Records from a collection
▼
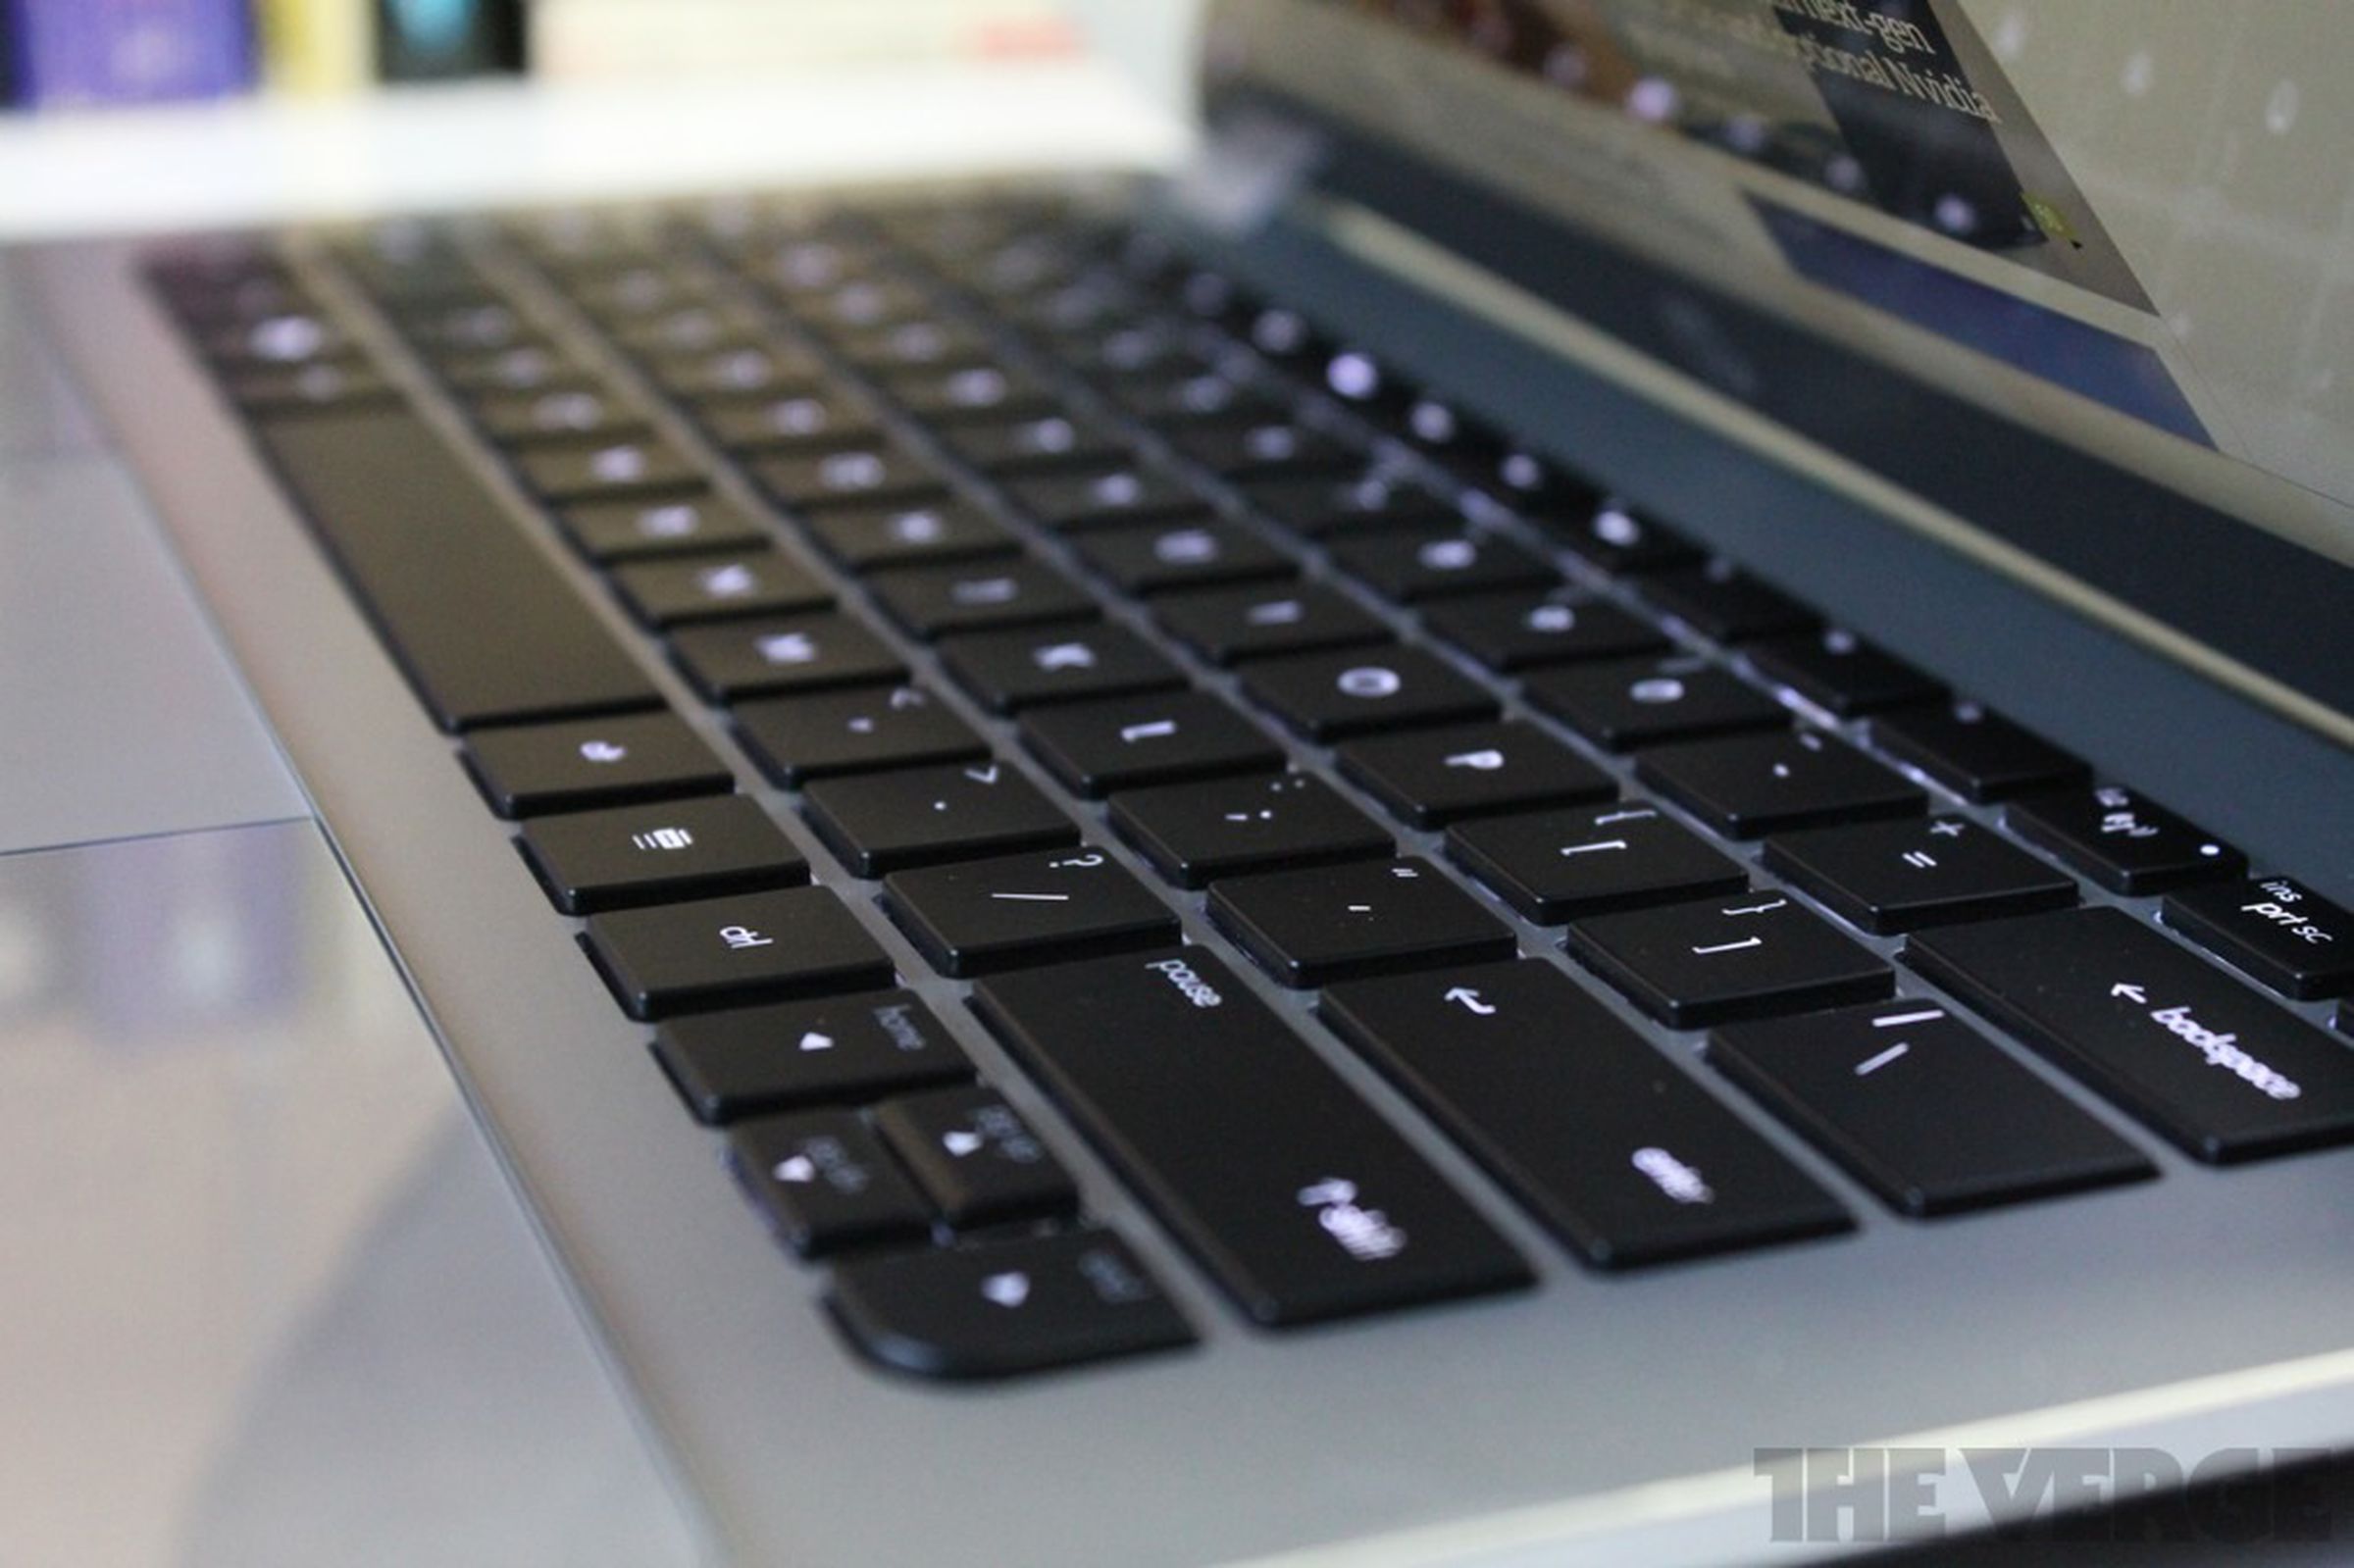 HP Envy 14 Spectre hands-on pictures 
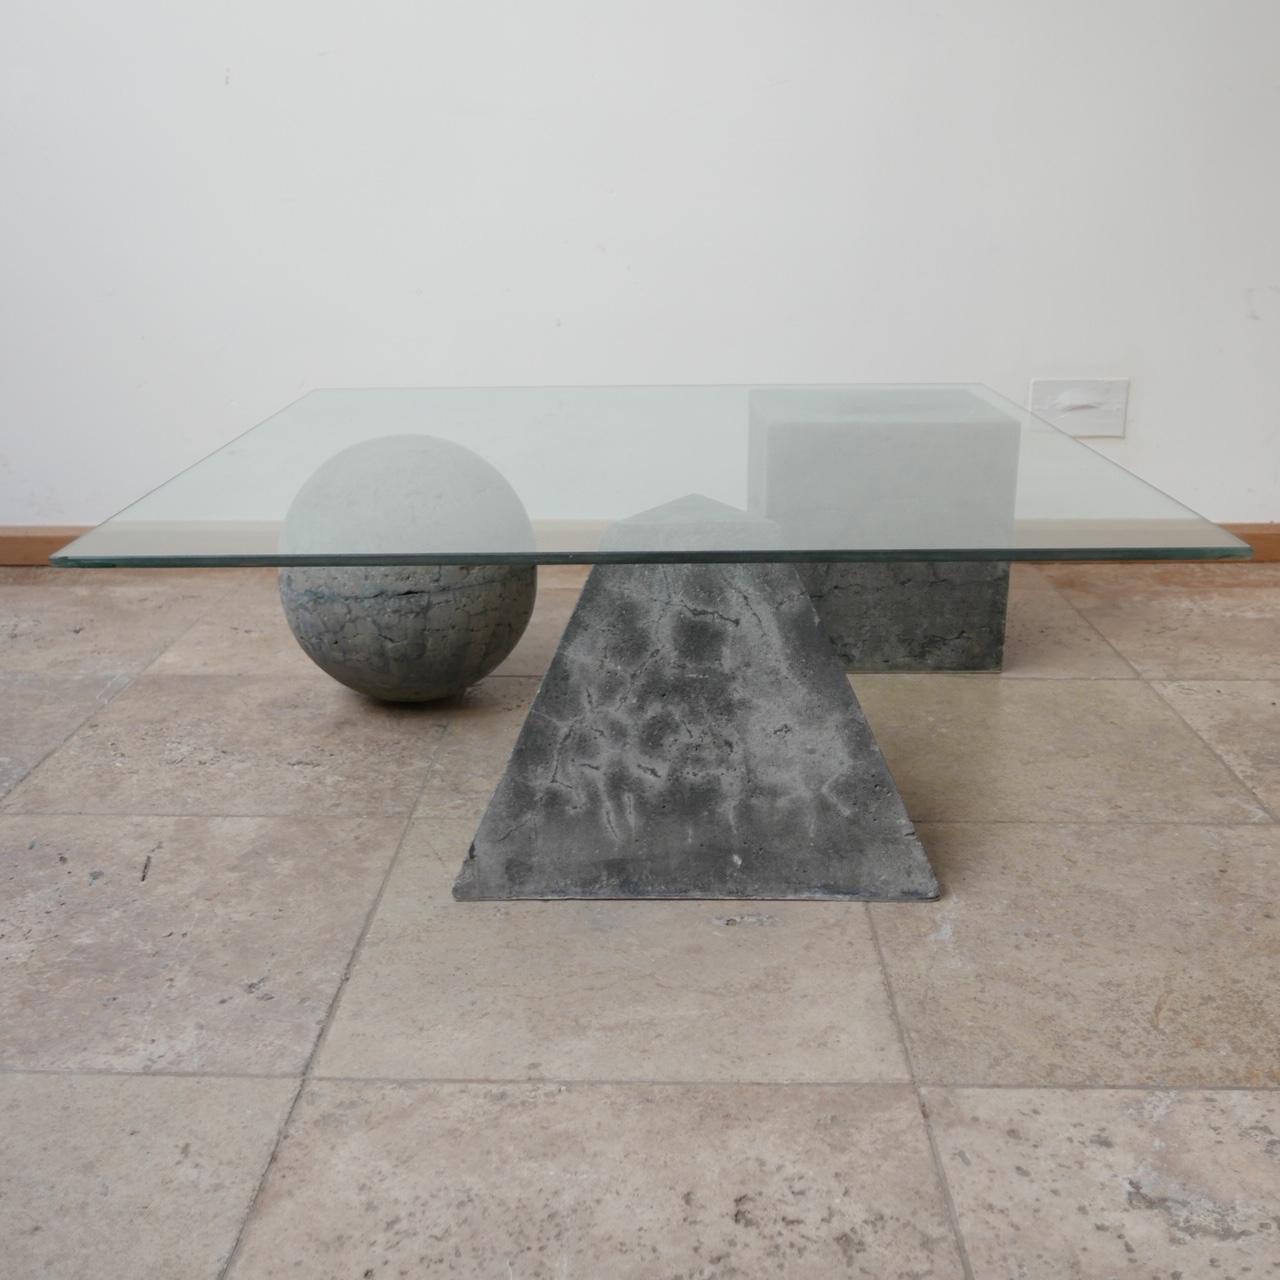 A mid to late 20th century coffee table in the style of Massimo and Lella Vignelli. 

Italy, c1980s. 

The geometric forms are made of a concrete or similar composite some have nicks and wear commensurate with age. 

The glass top has some
▲
» TASK STATEMENT
Give the number of lines in the entries that include the string "some", and nothing else.

» YOUR SOLUTION
2